I need to prove that for a random variable $X$ with $$ X \geqslant 0 $$ it's true that $$ \sum_{n=1}^{\infty} P(X \geqslant n) \leqslant E[X] \leqslant 1 + \sum_{n=1}^{\infty} P(X \geqslant n) $$
I proved that
$$
E[X] = \int_{0}^{\infty} P(X \geqslant t) dt
$$
so I have the first part of the inequality proved by comparing the integral with the sum. I'm not sure how to go about proving the other part, i.e.
$$
E[X] \leqslant 1 + \sum_{n=1}^{\infty} P(X \geqslant n)
$$
I was trying to move some things around and reason why $\int_{0}^{\infty} P(X \geqslant t) dt - \sum_{n=1}^{\infty} P(X \geqslant n) \leqslant 1$ but I didn't get far.
I was thinking of (somehow) using the fact that the integral of the pdf of $X$ is bounded by 1 but no luck. Any suggestions for how to get started on this?

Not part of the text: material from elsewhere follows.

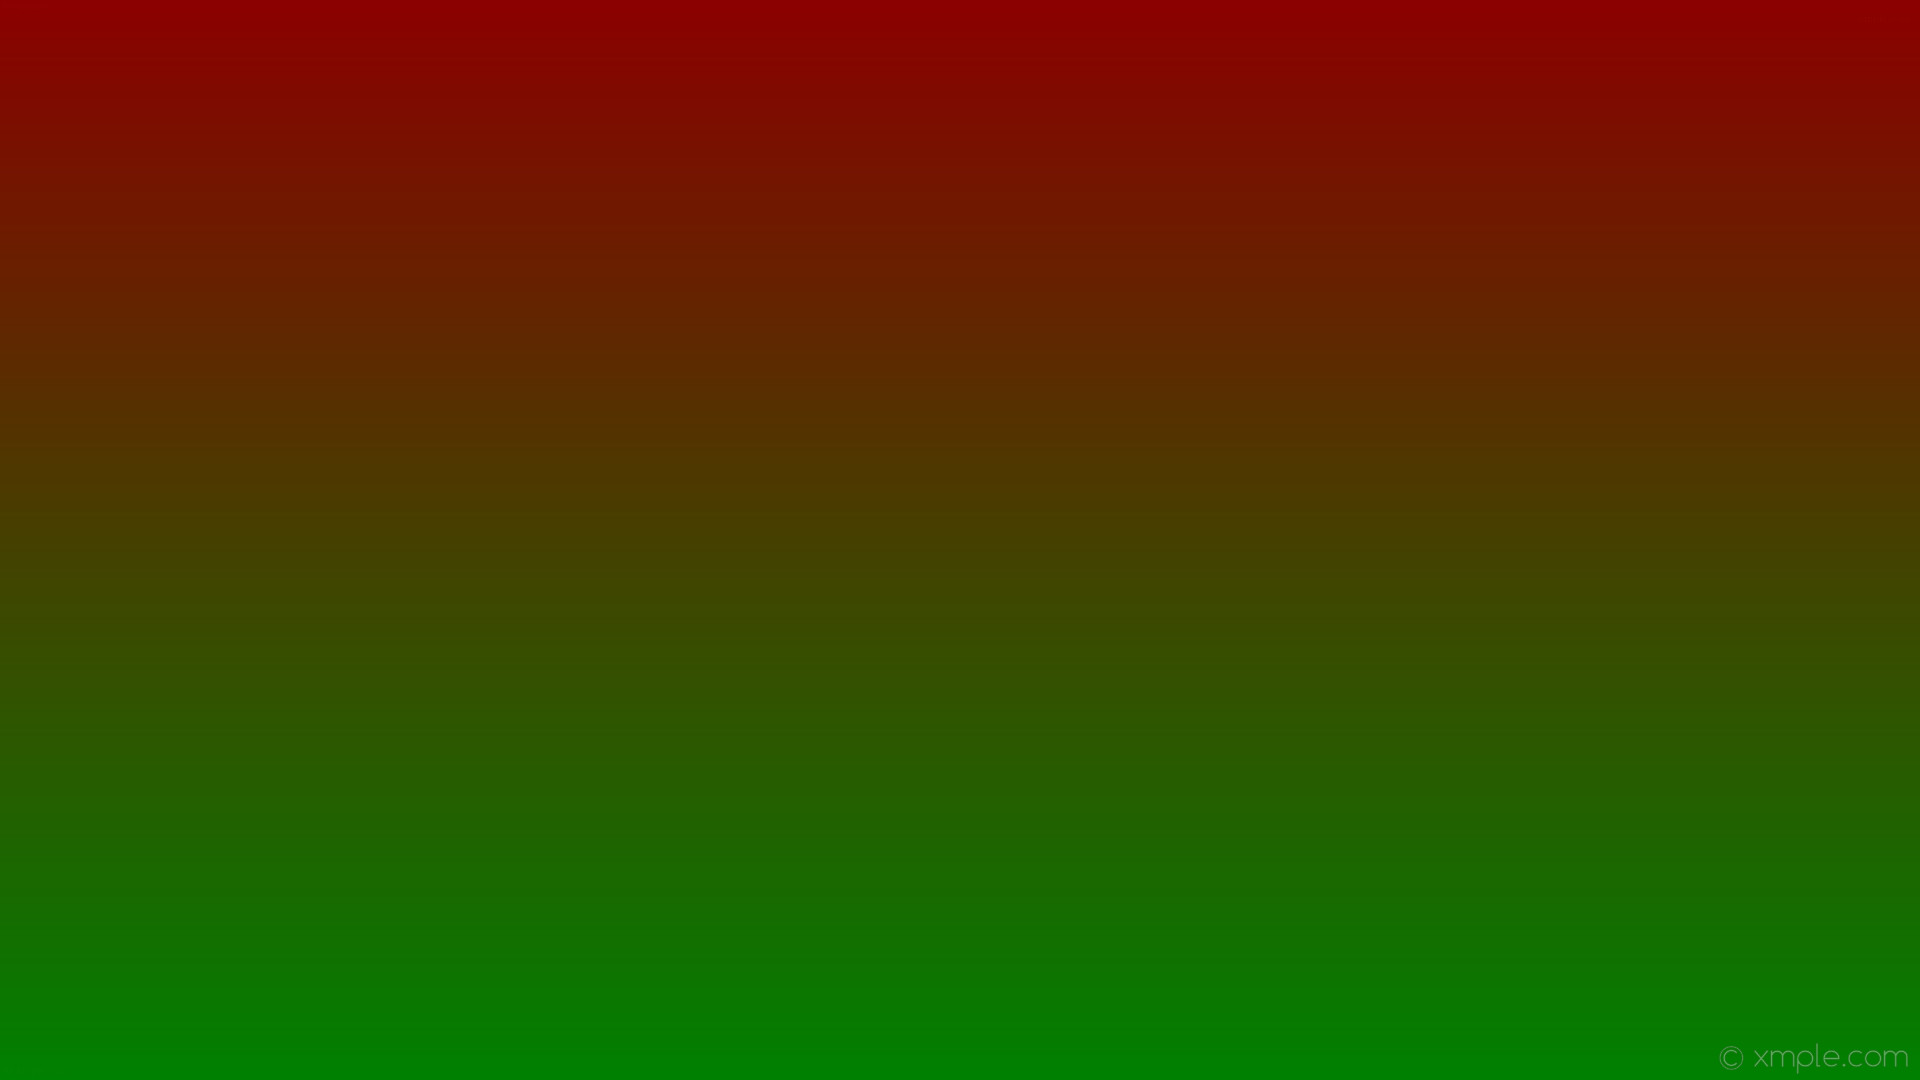 wallpaper gradient red linear green dark red #8b0000 #008000 90°
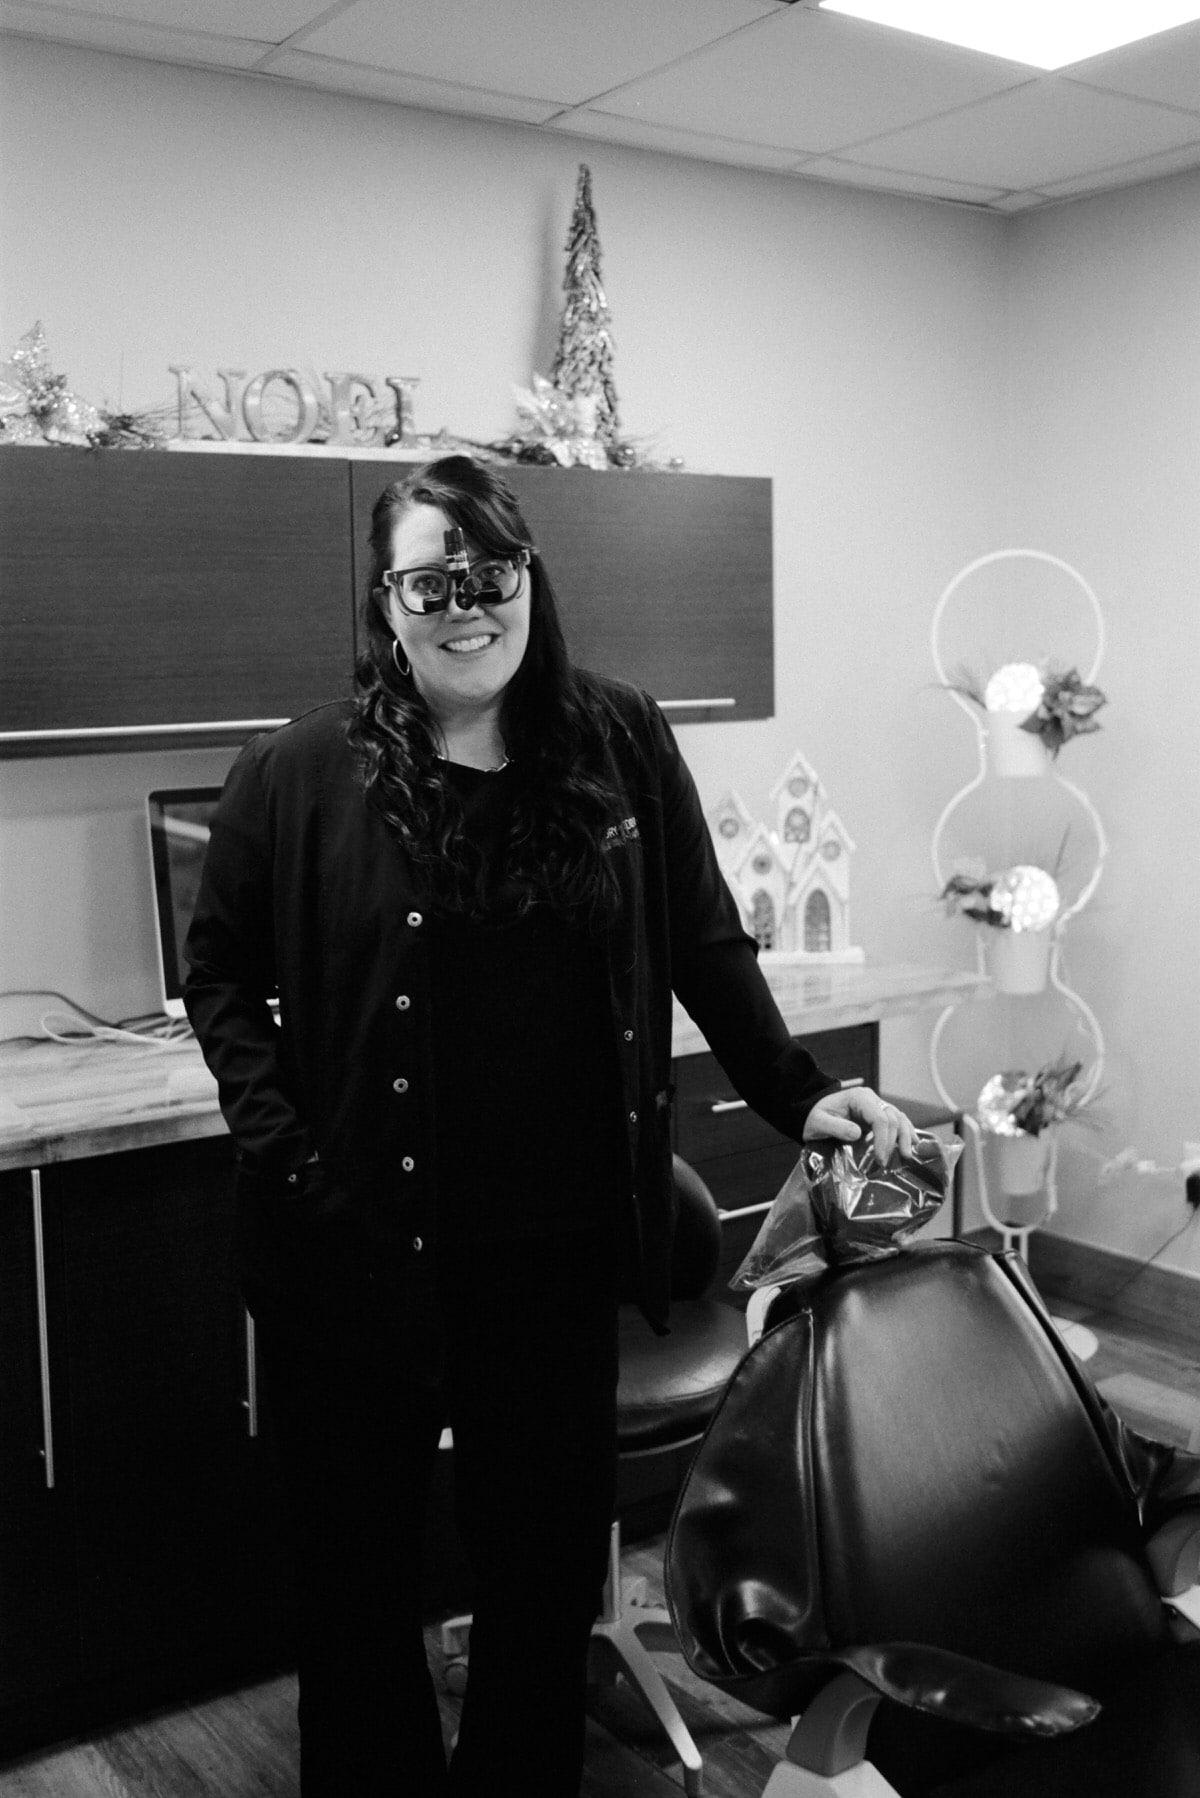 Illuminating-Women-art-exhibition-black-and-white-fine-art-film-photography-by-Studio-L-photographer-Laura-Schneider-20035

Split the integral up and estimate the probability $P(X\ge t)$ for $t\in[n,n+1]$ from above by $P(X\ge n)$.
\begin{align*} EX &= \int_0^1P(X\ge t)\,dt + \int_1^\infty P(X\ge t)\,dt\\ &\le 1 + \sum_{n=1}^\infty\int_{n}^{n+1}P(X\ge t)\,dt \\ &\le 1 + \sum_{n=1}^\infty\int_n^{n+1}P(X\ge n)\,dt \\ &= 1 + \sum_{n=1}^\infty P(X\ge n) \end{align*}